CNN coverage spurs flood of new cable subscribers

January 18, 1991|By Leslie Cauley

Cable News Network's stellar performance in Baghdad this week -- it was the network with the most continuous live coverage when the shooting started -- is apparently having an unexpected impact on cable operators back home: a flood of new subscribers.

Stephen Burch, area manager of Comcast Cablevision of Maryland, said requests for new service have quadrupled over the past 24 hours. Many callers are specifically asking for CNN, which, as it turns out, is part of Comcast's basic package offering.

"Phone traffic has been extraordinary," Mr. Burch said.

According to Mr. Burch, January is usually a slow month for subscriber sign-ups because most people are still recovering from Christmas bills.

But CNN's high-profile coverage of the gulf crisis has helped change that, he said.

CNN's coverage is receiving accolades from all three major television networks, as well as top Defense Department officials.

At a nationally televised news conference in Washington Wednesday, Defense Secretary Dick Cheney said, "The best reporting that I've seen on what transpired in Baghdad was on CNN," a production of Atlanta-based Turner Broadcasting Inc.

"I imagine hearts sank at the other three broadcasting companies when they heard that," Mr. Burch said.

Many callers, he said, are "in a hurry" to get new service installed. As a result, Comcast is extending the work days of its installation crews to meet that demand, he said.

New service can be installed within two days, he said. Comcast's service areas include Baltimore, Harford and Howard counties.

The story was much the same at United Cable of Baltimore, which provides cable service in the city.

Gary MacGregor, director of marketing, said additional requests for new service were flooding United Cable's switchboard yesterday morning.

But he said it was still too early to say how many new subscribers had actually signed up.

"It's hard to quantify at this point, but we're certainly getting additional requests for service as a result of having CNN and Headline News," which is an abbreviated version of CNN, Mr. MacGregor said.

United can have new service installed within 48 hours, he said.

District Cablevision, the cable operator in Washington, also reported an increase in requests for new service.

Callers to District Cablevision who were put on hold yesterday didn't have to worry about missing out on developments -- they got an earful of CNN while waiting.

Ron Hopkins, director of marketing, said most callers yesterday were requesting CNN by name, indicating people are relying on CNN's coverage for news and information about unfolding events in the gulf.

"Colin Powell [chairman of the Joint Chiefs of Staff] as well as the Iraqi government is looking at CNN to see what's going on," observed Mr. Hopkins. "There seems to be a feeling that if you're watching CNN, you know as much as the people in charge do."

This isn't the first time District Cablevision has seen a surge in requests for CNN, Mr.
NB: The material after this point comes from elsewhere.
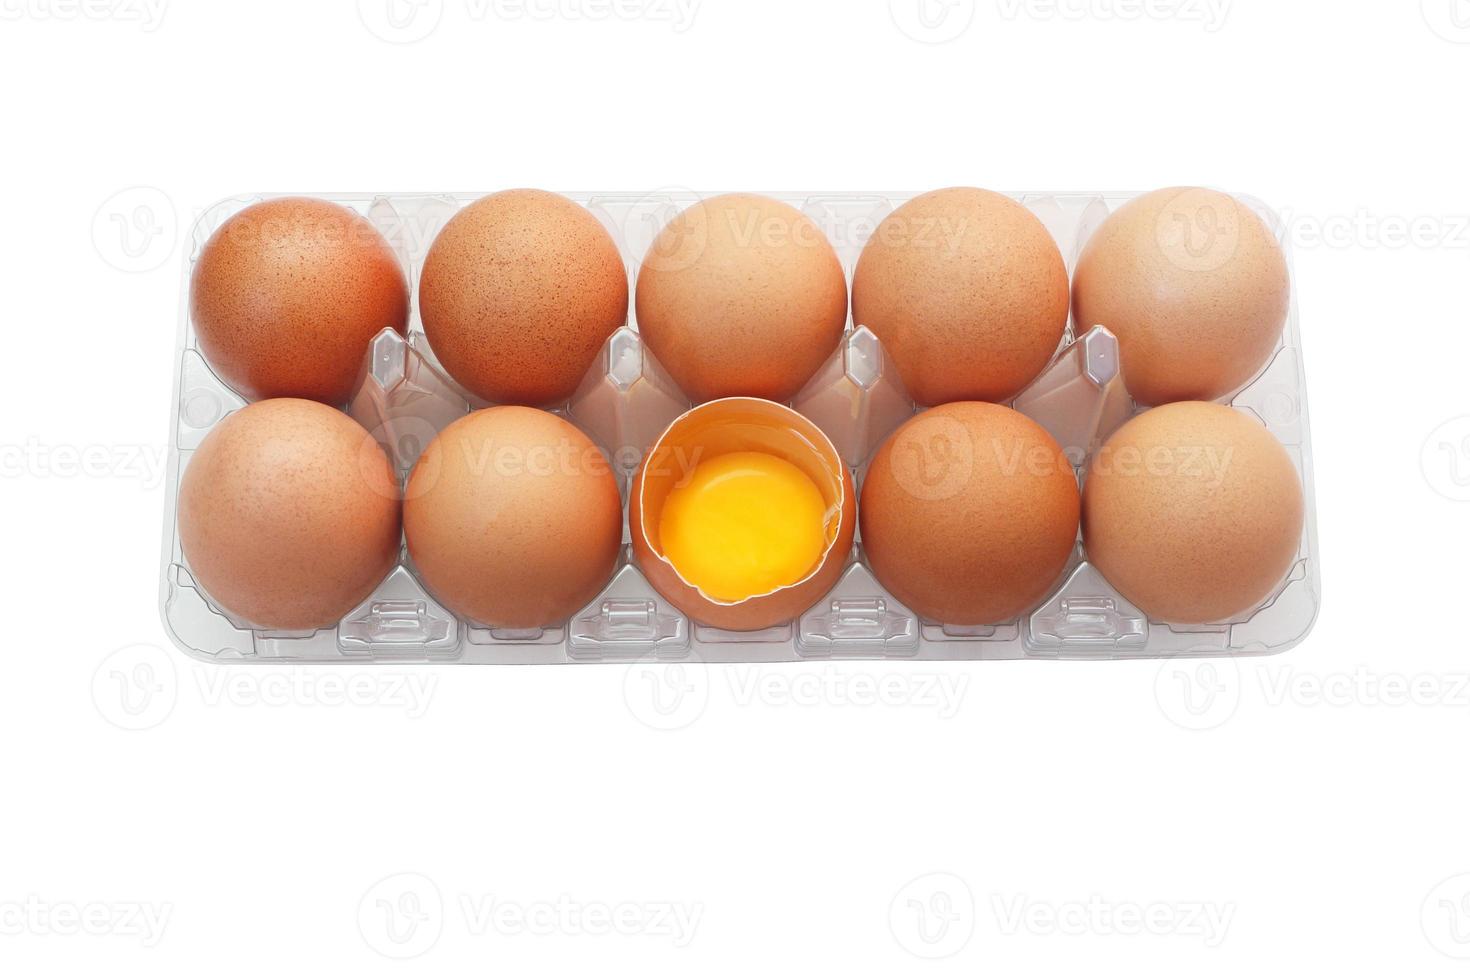 uova di pollo in vassoio di plastica isolato su sfondo bianco. un uovo è stato aperto per rivelare il tuorlo fresco all'interno. foto

Hopkins said.

In July, when Trinidad was under siege, the Embassy of Trinidad put in a rush order for CNN, he said.

"They wanted us to install cable in a hurry," Mr. Hopkins said. "They wanted to get CNN so they would know what was happening in Trinidad."

Americans' renewed interest in CNN was not lost on investors, where analysts yesterday were predicting a positive financial fallout for Turner Broadcasting as a result of CNN's most recent round of high-profile coverage.

Ian Burnham of First Boston in New York City said it was still too early to say how CNN's gulf coverage would affect Turner Broadcasting over the long run, but he said early indications are that the effect is "obviously positive."

Frederick A. Moran of Moran & Assoc. Inc. of Greenwich, Conn., however, said the payback to Turner would be more immediate.

"This is going to have a very positive effect on the company," said Mr. Moran. "CNN will now get the additional recognition that it clearly deserves."

Mr. Moran predicted additional cable television companies would now want to buy the service, prompted by calls from consumers who want to subscribe to the service.

Mr. Moran said he decided yesterday to subscribe to CNN in his office as a result of CNN's coverage of the war.

"This is going to provide the investment community with some visibility so . . . investors may begin to recognize what an outstanding investment Turner Broadcasting is," he said.